### Directions for this task
Copy the listing below in full and skip every picture.

### Collected data
··········

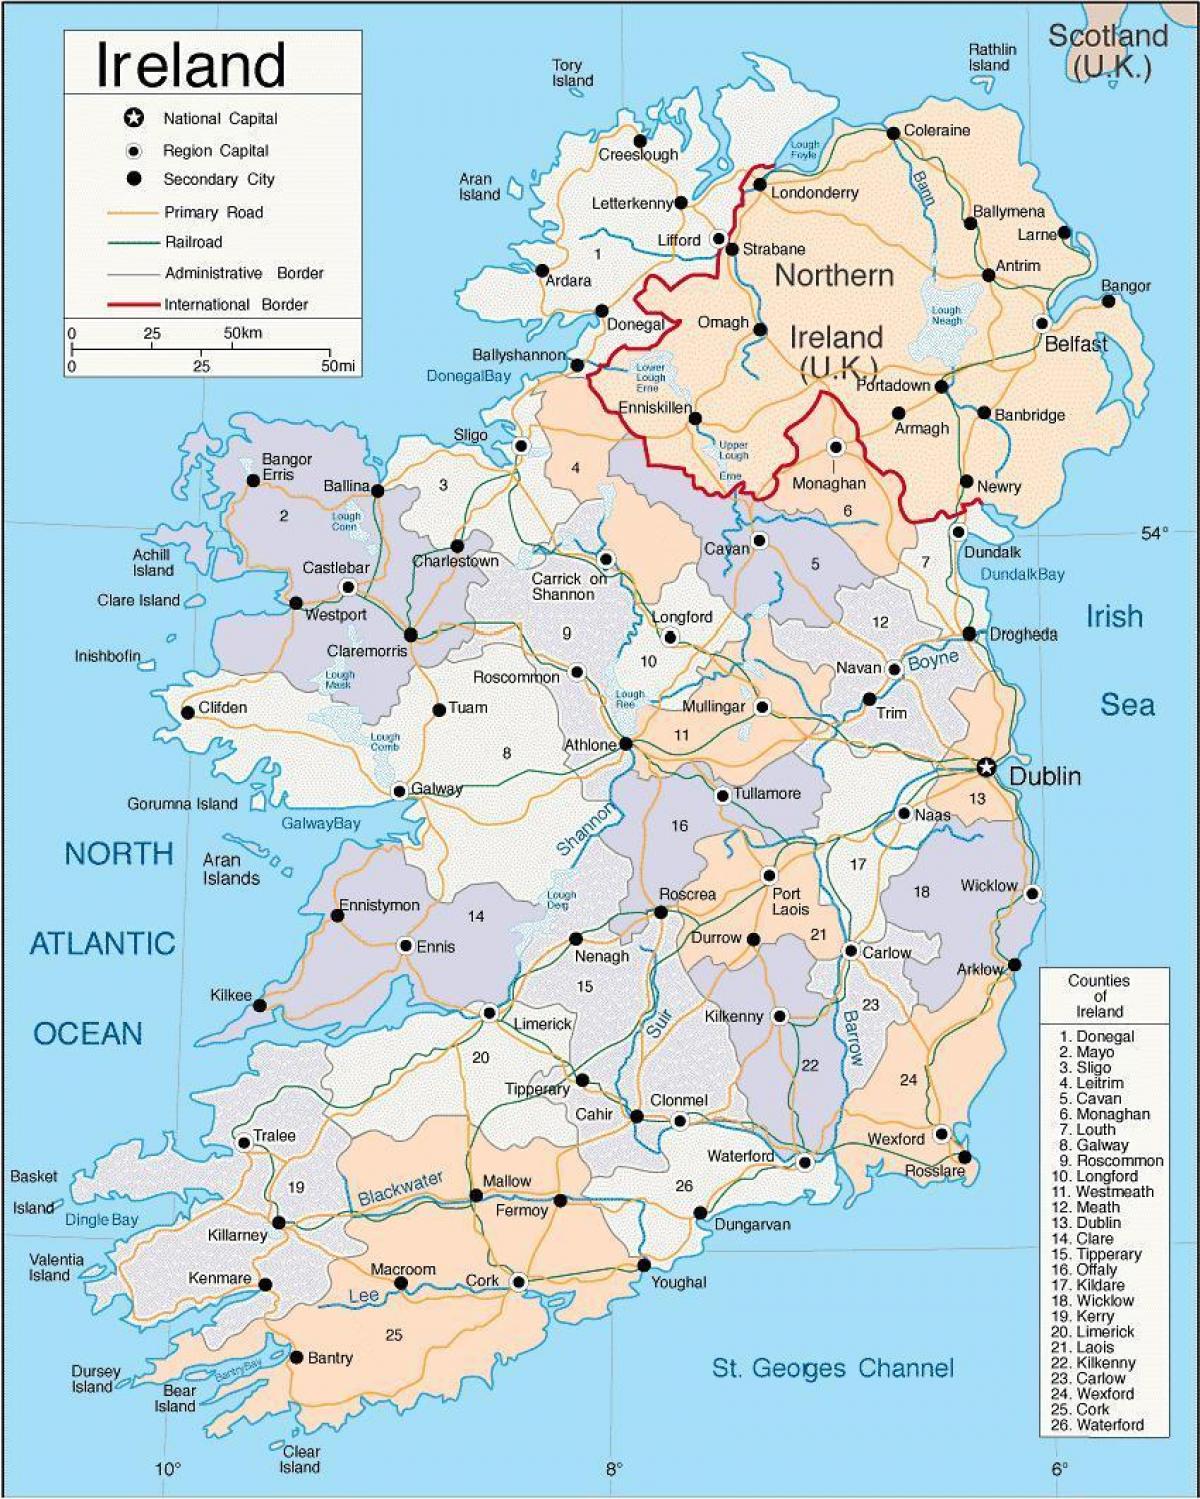 नक्शा आयरलैंड के दिखा शहरों
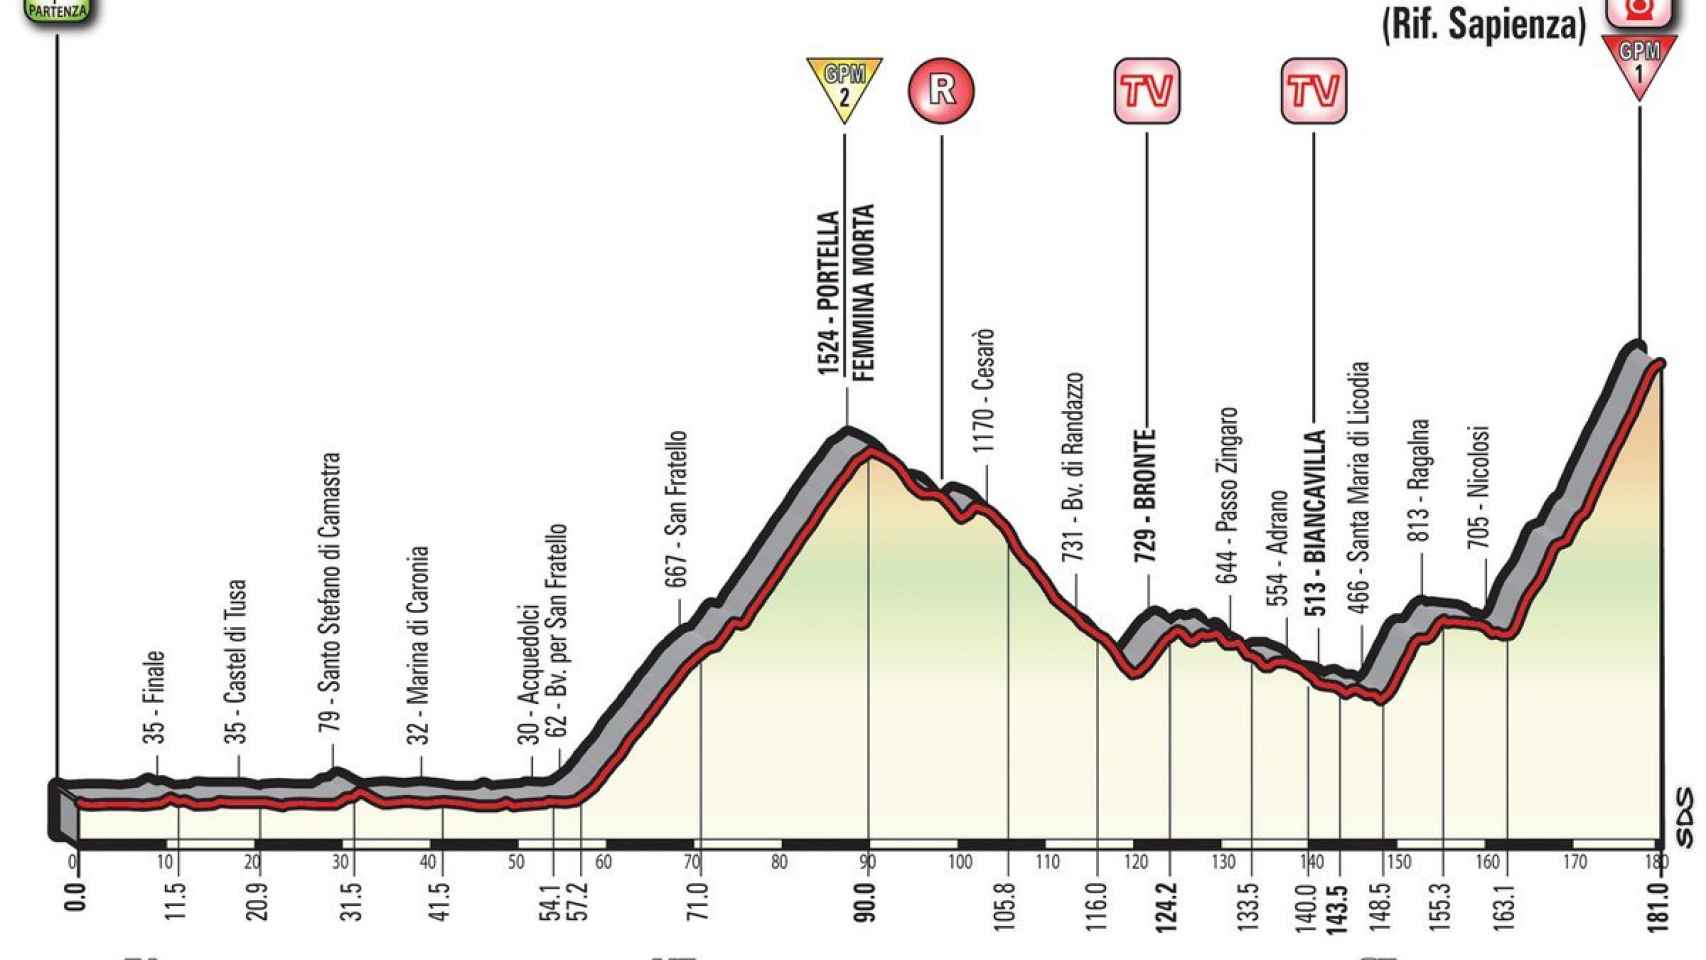 Cuarta etapa del Giro de Italia, en directo
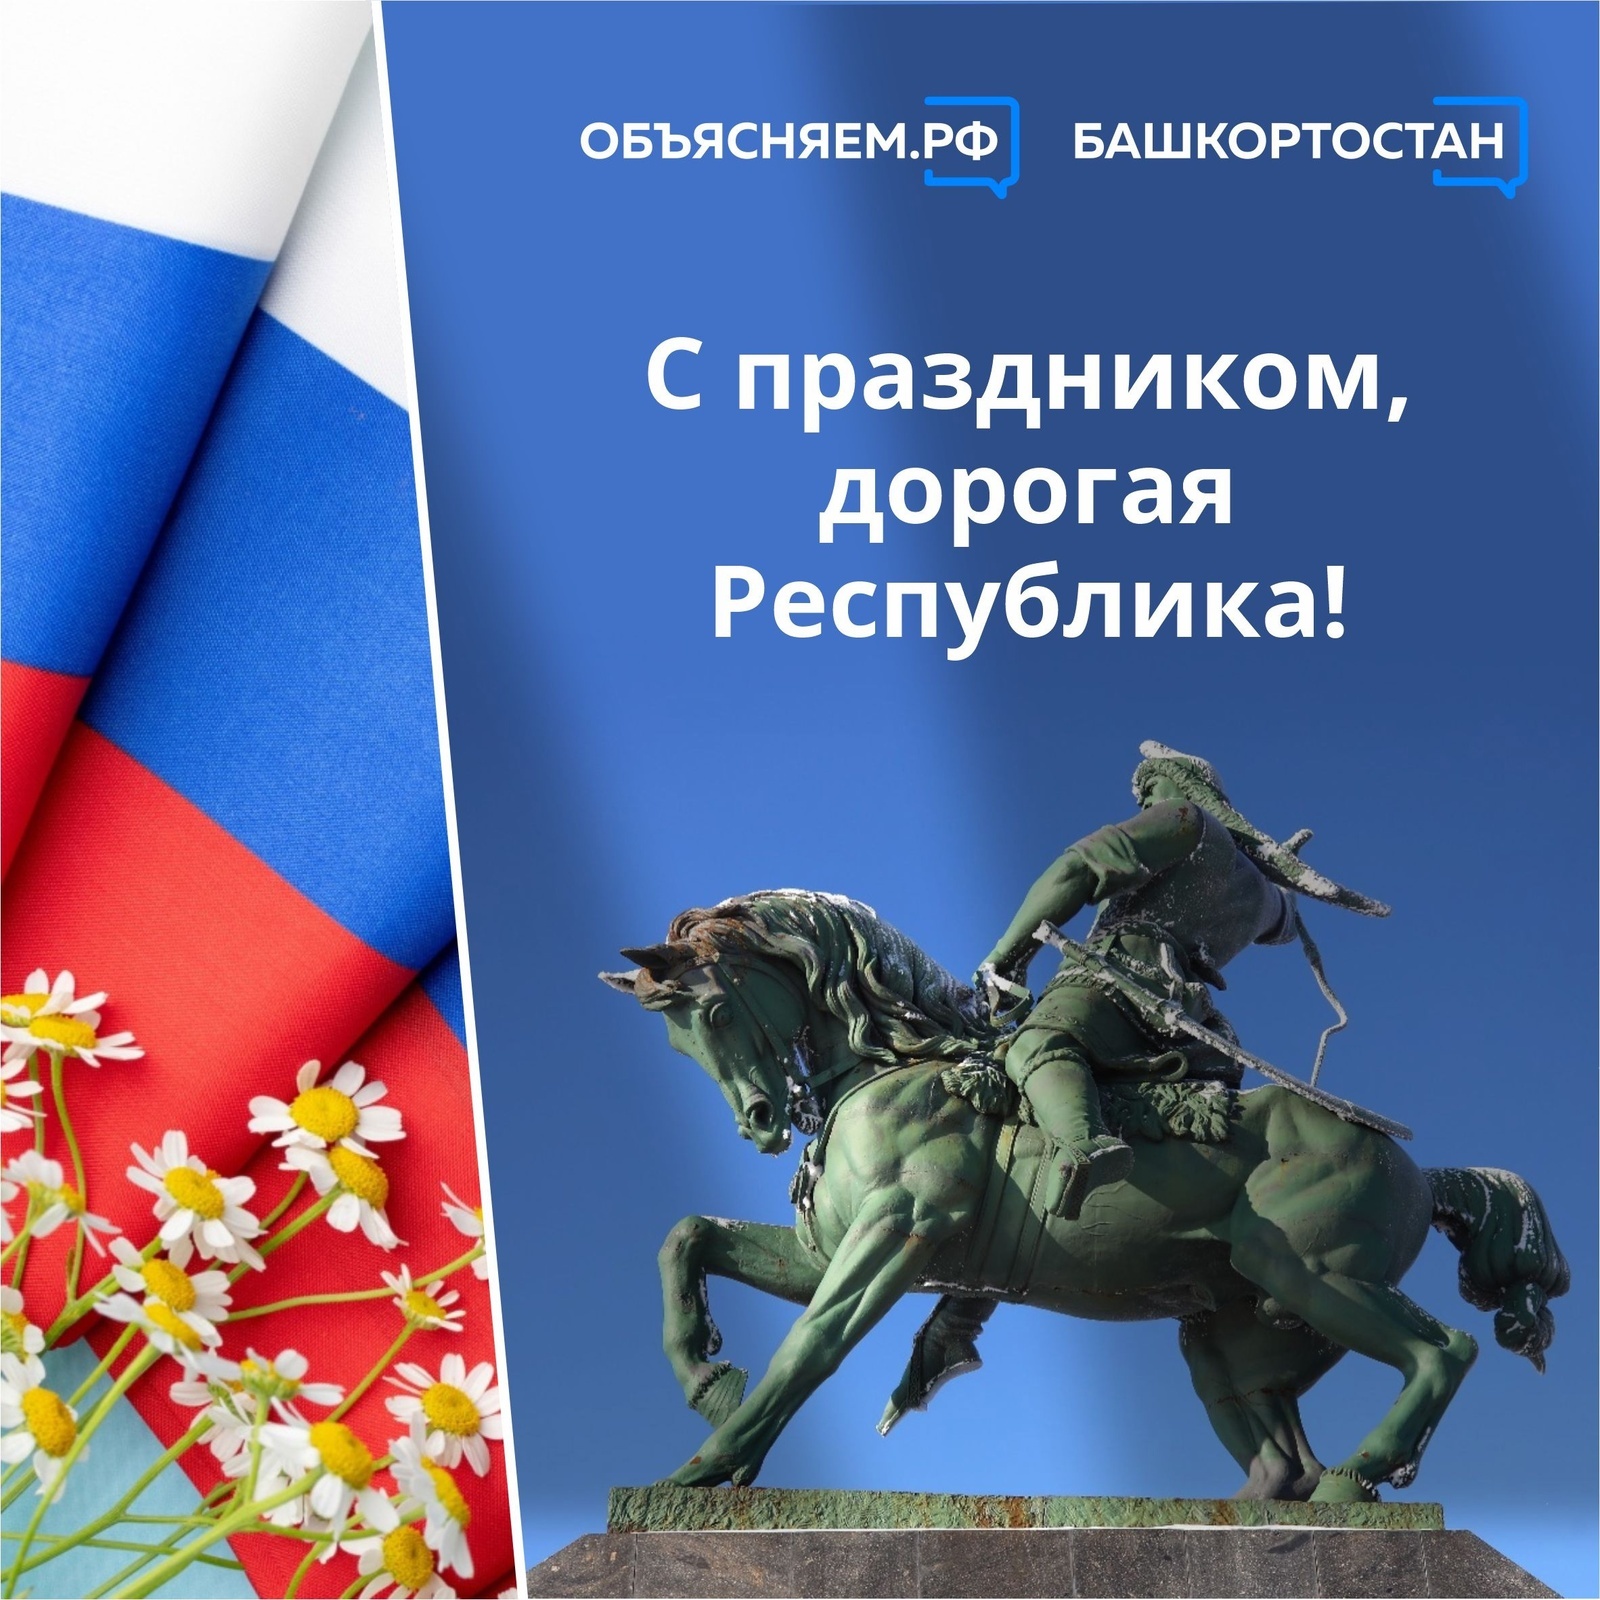 Сегодня, 12 июня, вся страна отмечает День России, уфимцы – 449-летие основания города Уфы
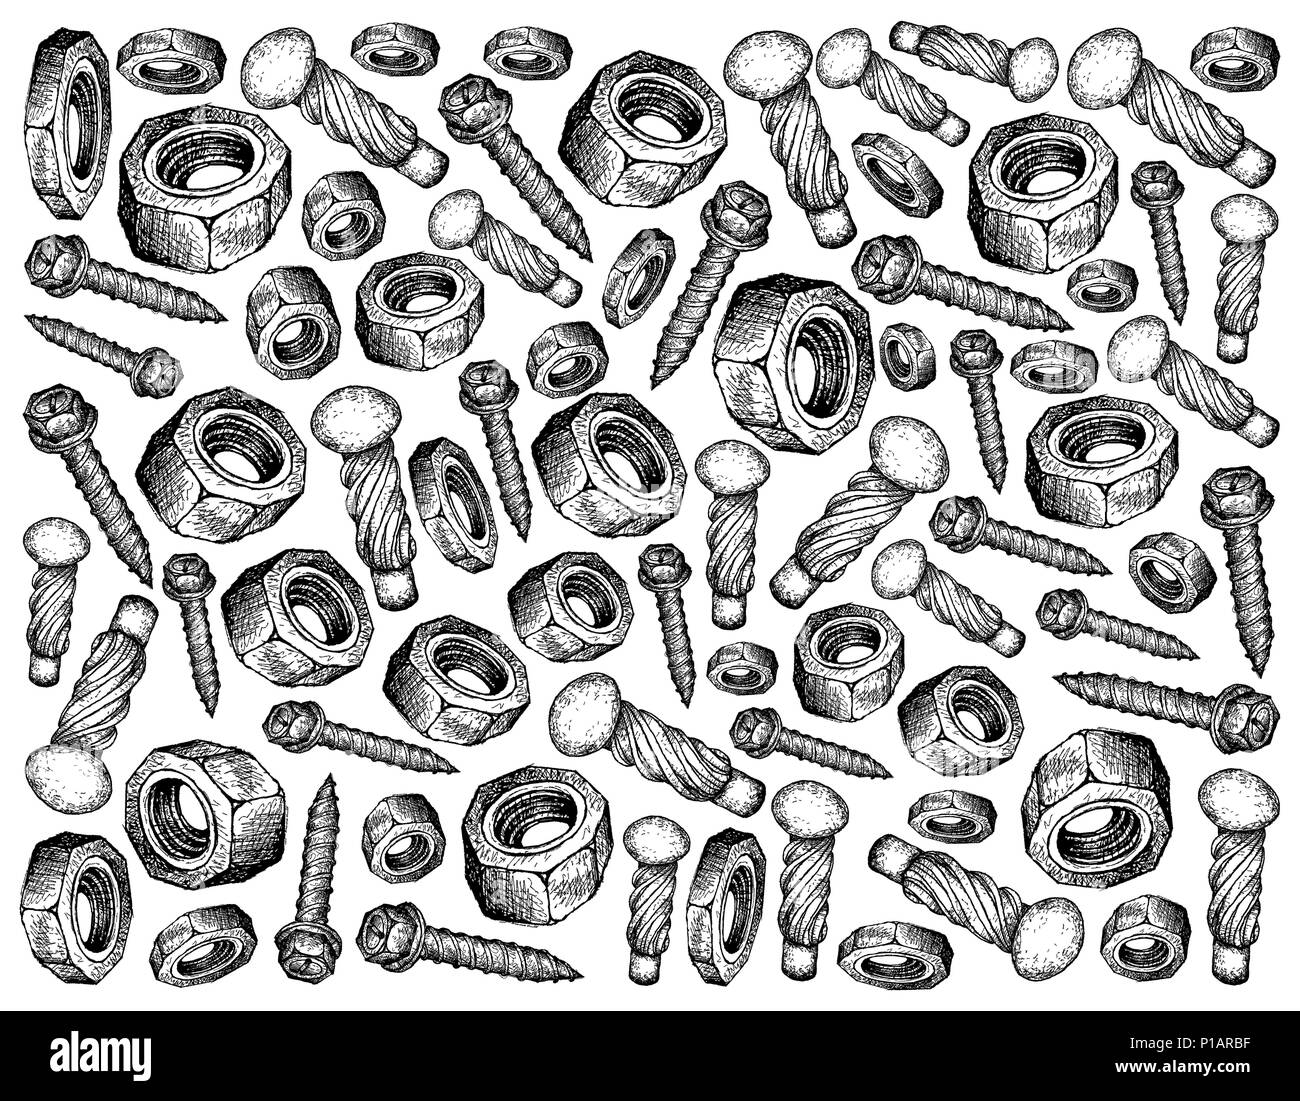 Fertigung und Industrie, Illustration Hand gezeichnete Skizze Hintergrund der  Hammer Schrauben, Blech Schrauben und Muttern. Eine Art von Fas  Stockfotografie - Alamy

··········

### Answer to the problem
 नक्शा आयरलैंड के दिखा शहरों
 Cuarta etapa del Giro de Italia, en directo
 Сегодня, 12 июня, вся страна отмечает День России, уфимцы – 449-летие основания города Уфы
 Fertigung und Industrie, Illustration Hand gezeichnete Skizze Hintergrund der  Hammer Schrauben, Blech Schrauben und Muttern. Eine Art von Fas  Stockfotografie - Alamy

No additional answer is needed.